Central to this vision are spaces and innovative platforms that foster distributed collaboration. The Blue City Room emerges as a physical/digital agora for collective urban analysis and decision-making—a think tank where decentralized discussions challenge the norms, breaking silos and forging new pathways. Parallelly, the Blue City Store emerges as a digital marketplace, a hub that champions the transparent exchange of urban data and diagnostic tools, democratizing access and spurring shared growth.
Blue City aims to inaugurate a new taxonomy of city-making, one where adaptability doesn't just coexist with planning, but usurps it.
Welcome to the city that never sleeps, but dreams—with its eyes wide open.
DIAGNOSIS TOOL
In addressing the intricate labyrinth of today's urban challenges, it becomes evident that traditional diagnostic tools have reached their limitations. The city, with its myriad layers, pulses, and rhythms, cannot be discerned merely through static metrics or one-dimensional measures such as carbon footprints. The rapid pace and transient nature of urban flows demand a continuous, real-time diagnostic approach. [1]
Current urban diagnostics, compared to medical practices, resemble a cursory skin check. Such superficial examinations, focusing solely on a city's visible exterior, fail to capture the dynamic interplay of its internal flows and mechanisms. [2] It neglects the essence of the city as a multifaceted living organism, thriving and evolving through its interwoven systems. [3] Analogous to the medical world, where a physician employs an array of diagnostic tools—from X-rays to blood tests, from CT scans to genetic profiling—to holistically understand the human body, urban diagnostics necessitates similar “deeper” tools.

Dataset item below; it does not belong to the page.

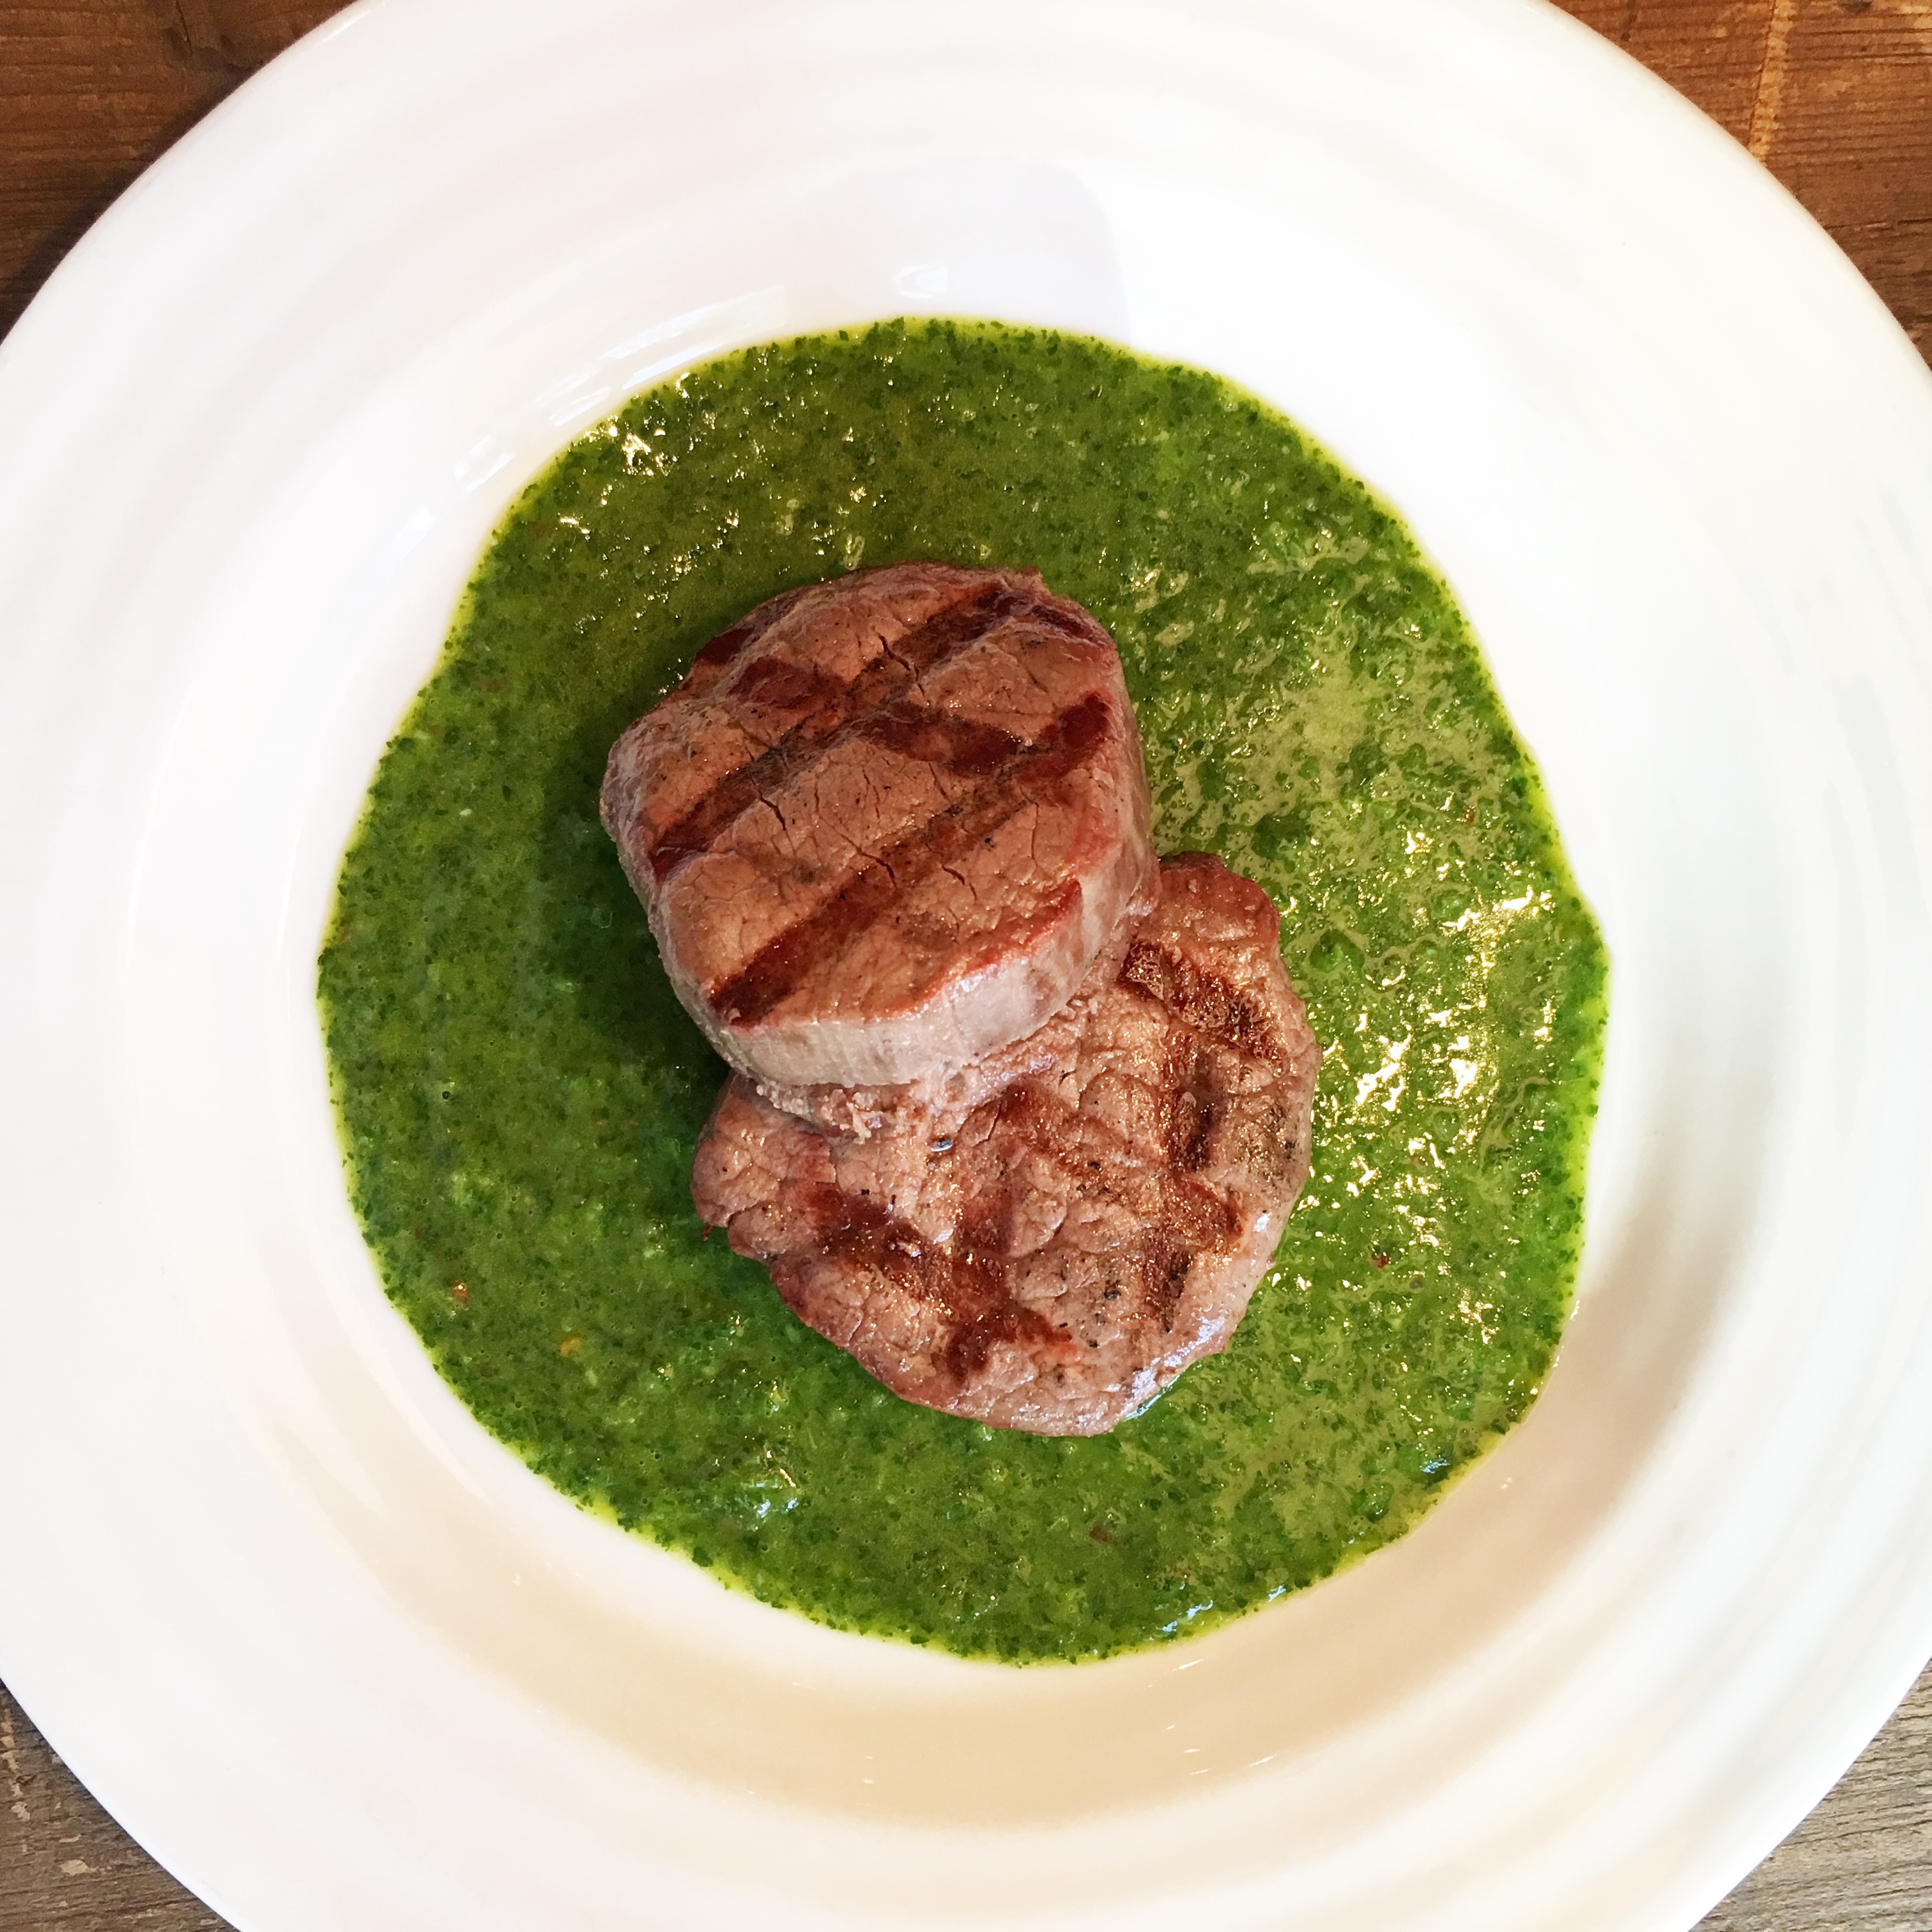 filet with chimichurri sauce, easy sauce

The Blue City project seeks to revolutionize city diagnosis. Venturing beyond traditional mapping and indexing, which only capture the city's skeletal framework, the project dives deep into the city's vascular systems. It investigates utilities and infrastructures, the conduits that sustain urban life, and examines the city's pulsating flow—of human capital, of goods and services, of knowledge and culture. It assesses the city's metabolic rate, gauging both its resource consumption and waste production, offering a comprehensive urban health check.
Combining generative AI and spatial analytics into “generative spatial AI,” Blue City addresses the critical challenges in city diagnosis on an unprecedented scale.[4] Through generative spatial AI, gaps in city data can be impartially completed, urban flows in new and previously inaccessible locations estimated, and the trajectories of these flows predicted, as they shape the future urban landscape.
[1] Virilio, P. (1999). Polar Inertia. Sage.
[2] Batty, M. (2013). The New Science of Cities. MIT Press.
[3] Portugali, J. (2011). Complexity, Cognition and the City. Springer.